THE PROBLEM: Please transcribe the data exactly as shown, skipping the images.

DATASET CONTENT:
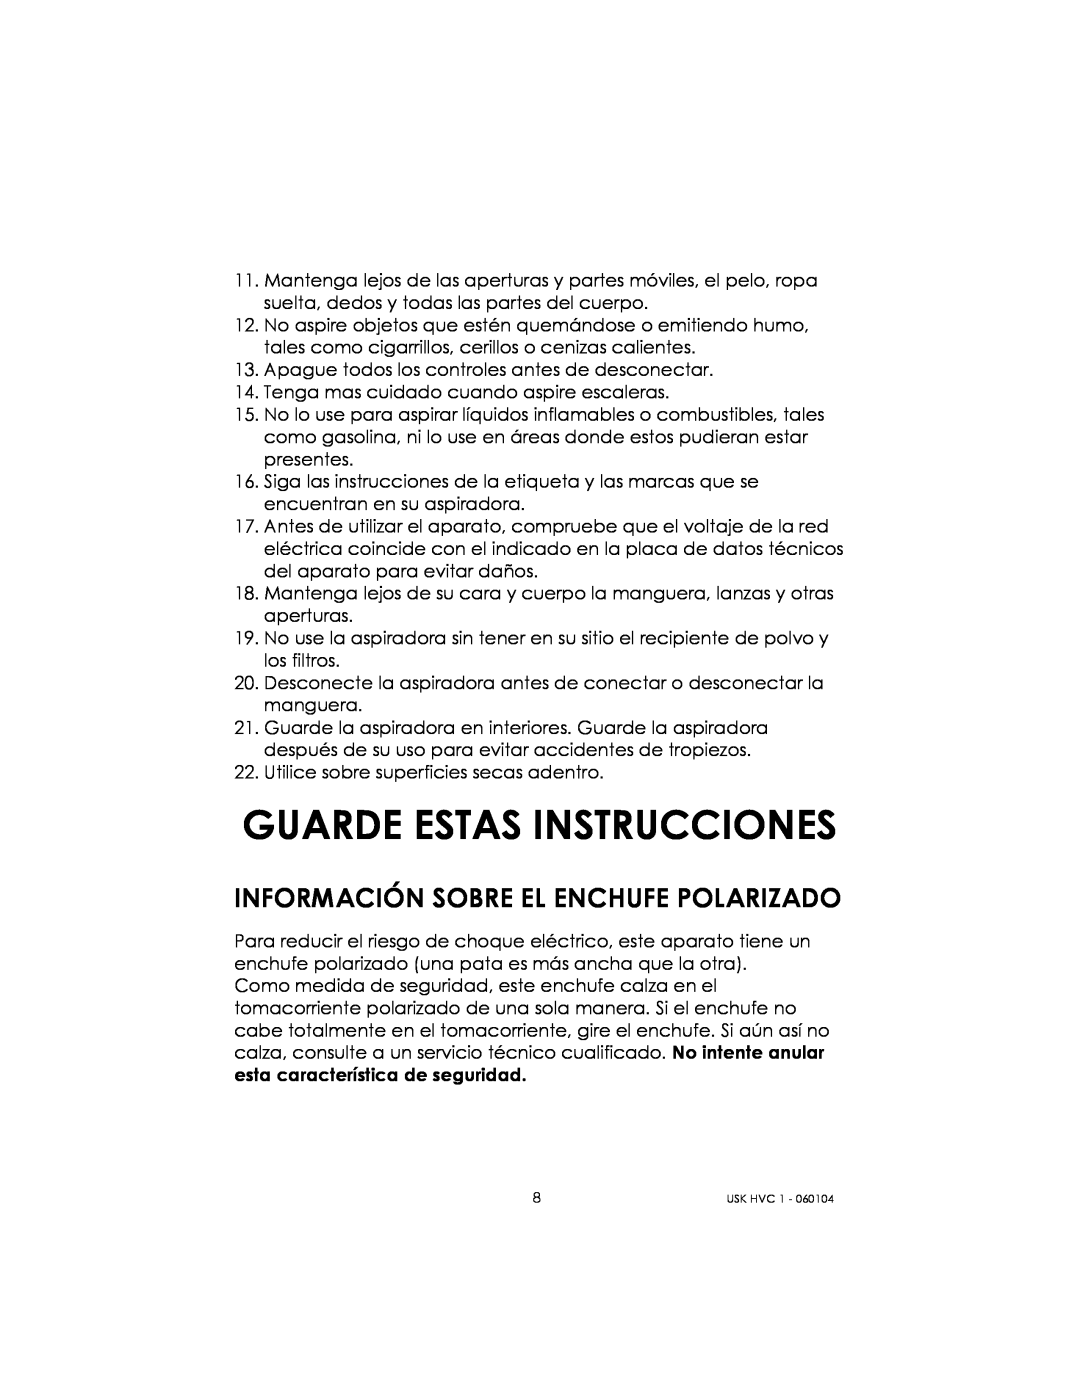 Kalorik USK HVC 1 - 060104 manual Guarde Estas Instrucciones, Información Sobre El Enchufe Polarizado 
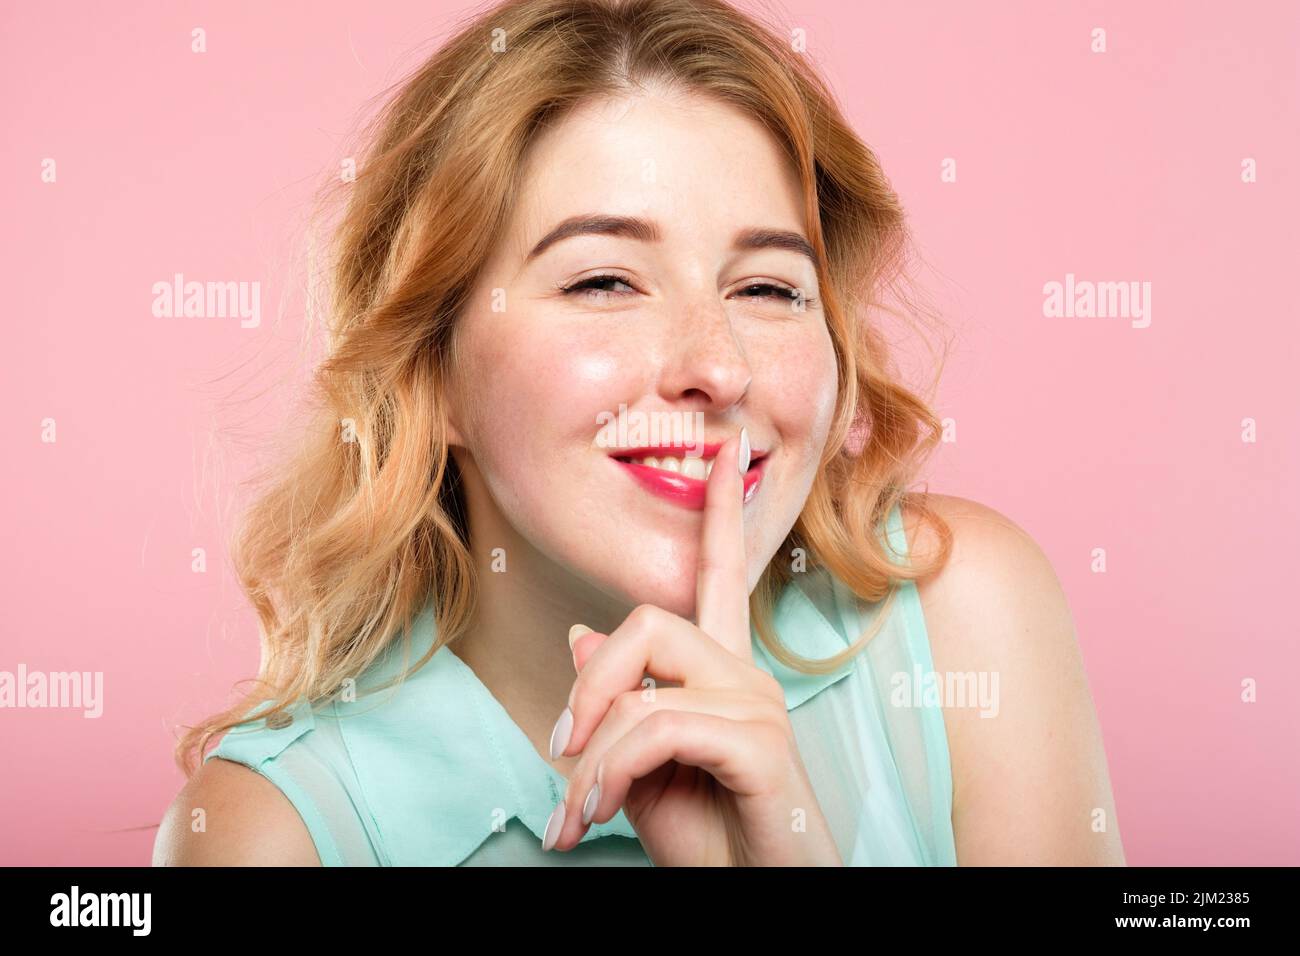 girl keep secret mystery finger on lips Stock Photo
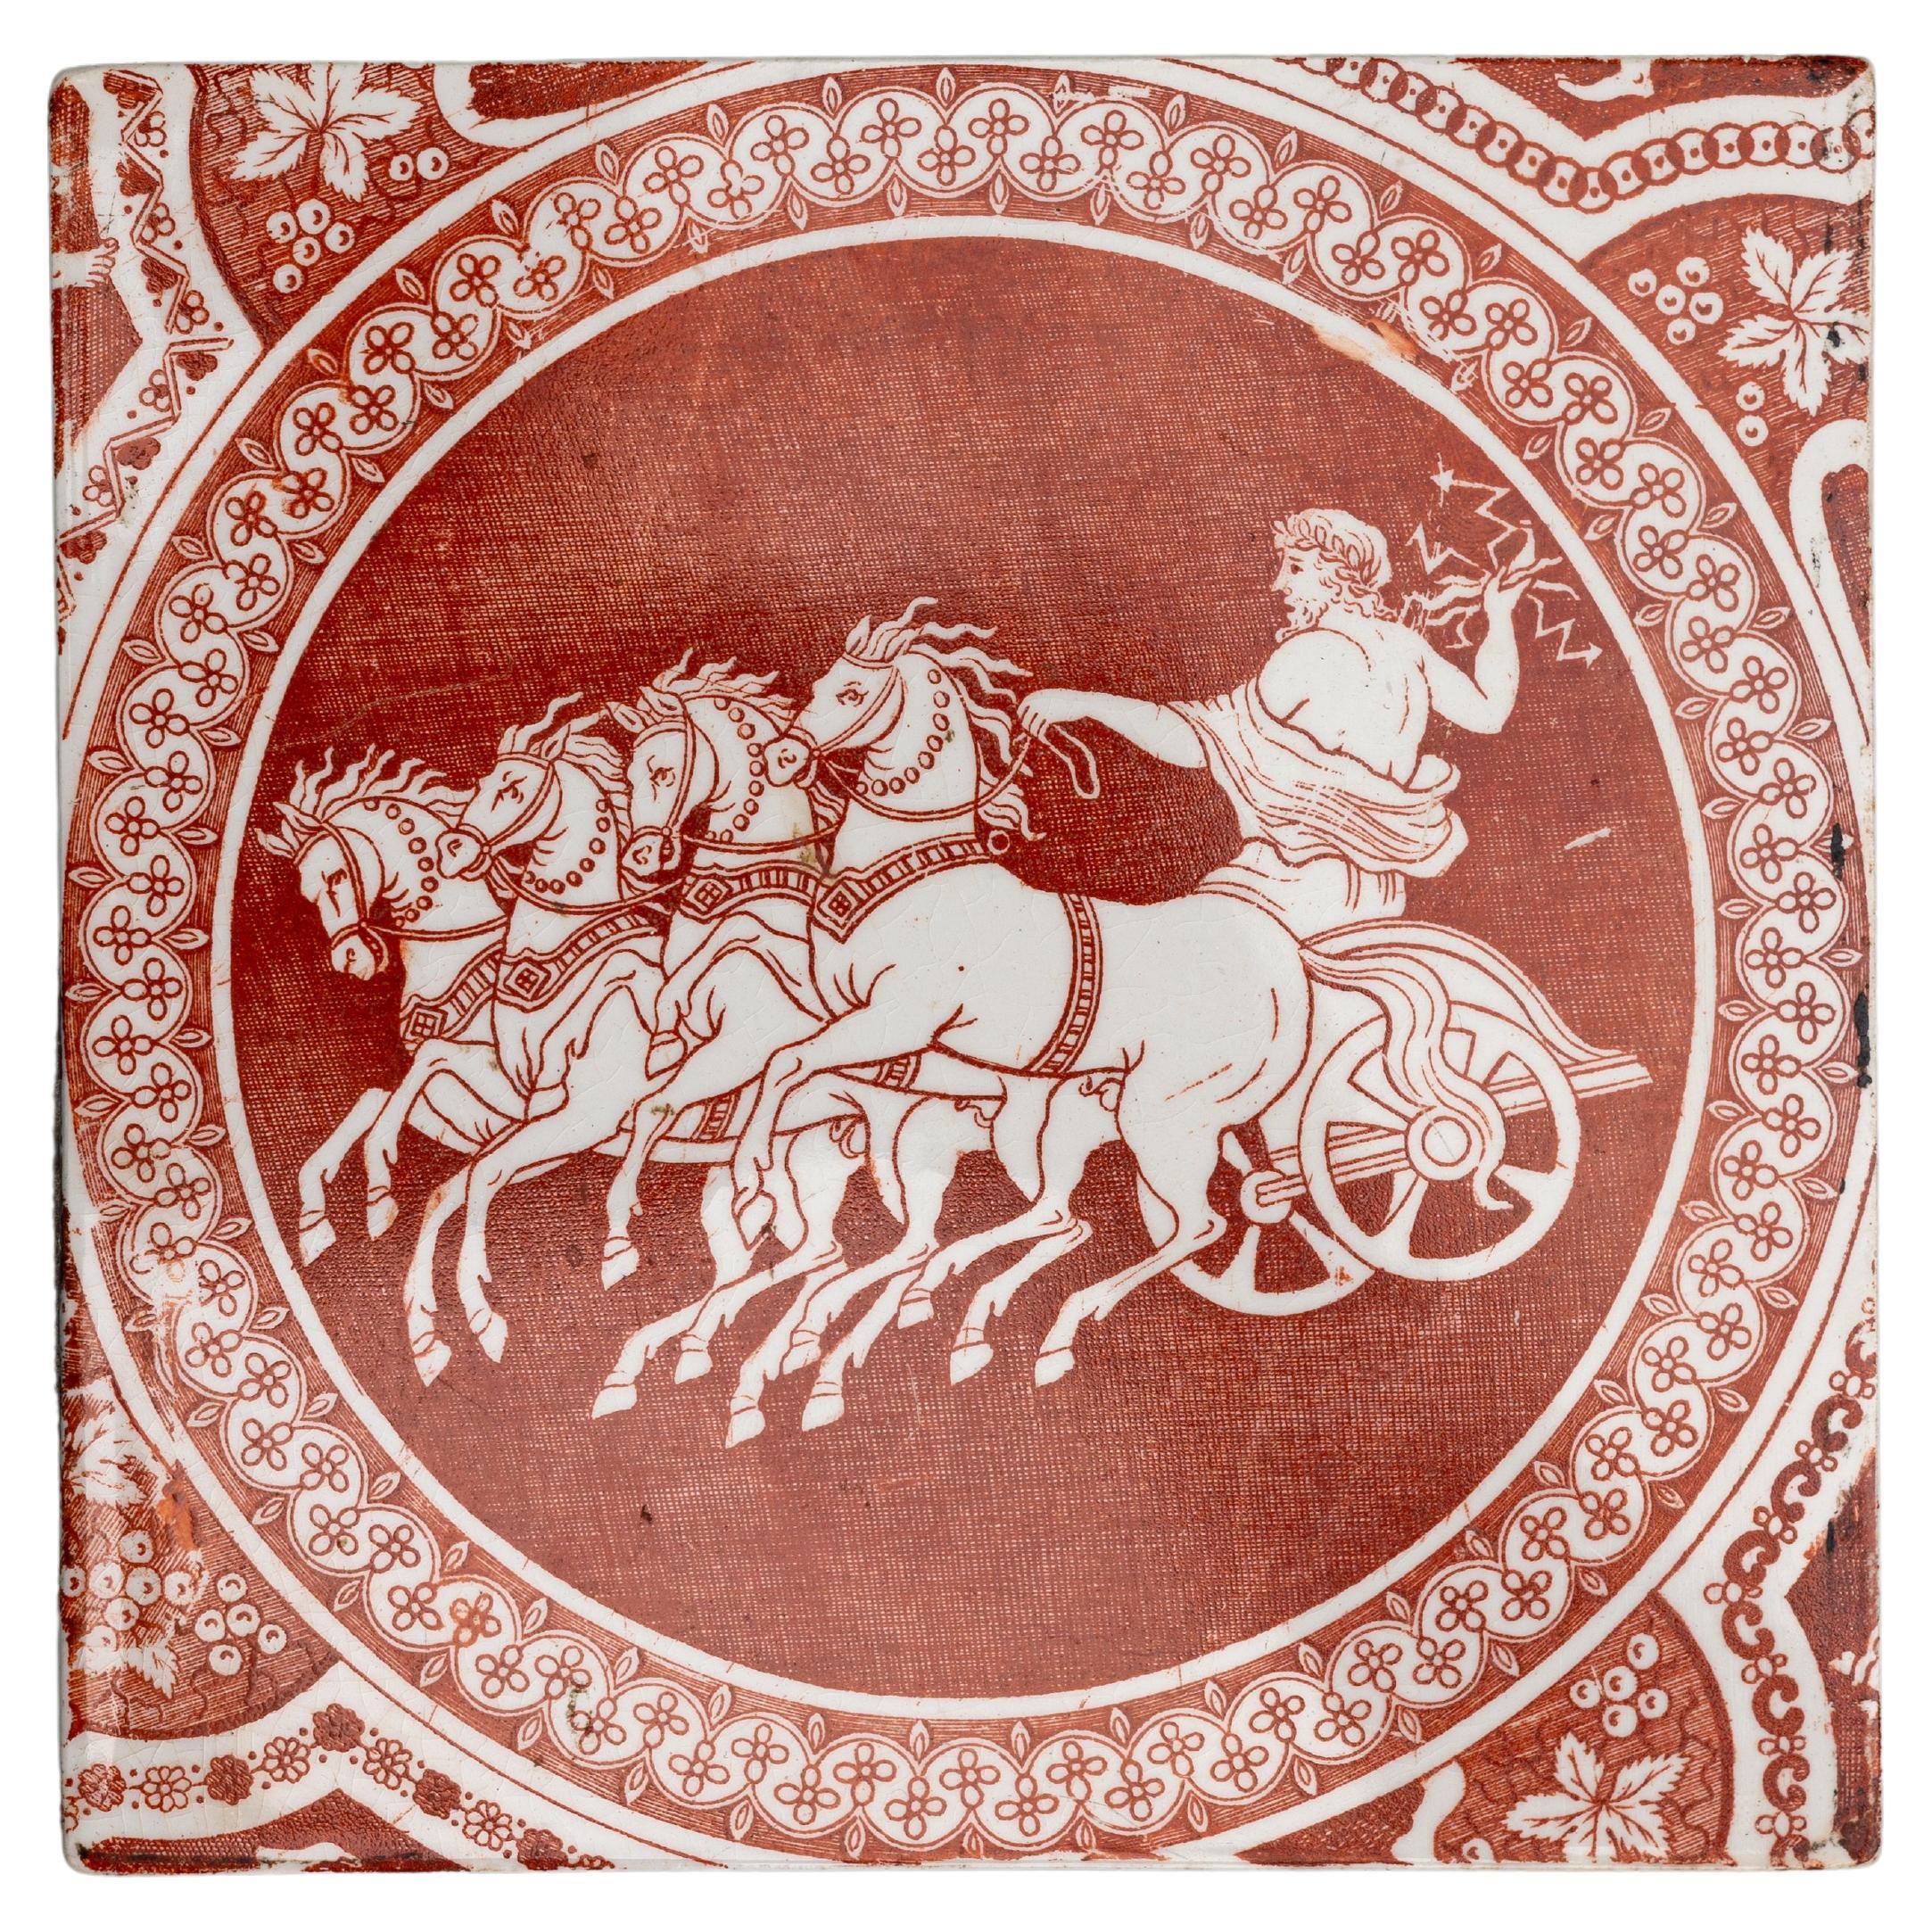 Frühes 19. Jahrhundert Spode Rote Fliese mit griechischem Muster

WRITTEN RESPONSE:
 Kalorik USK HVC 1 - 060104 manual Guarde Estas Instrucciones, Información Sobre El Enchufe Polarizado 
 girl keep secret mystery finger on lips Stock Photo
 Frühes 19. Jahrhundert Spode Rote Fliese mit griechischem Muster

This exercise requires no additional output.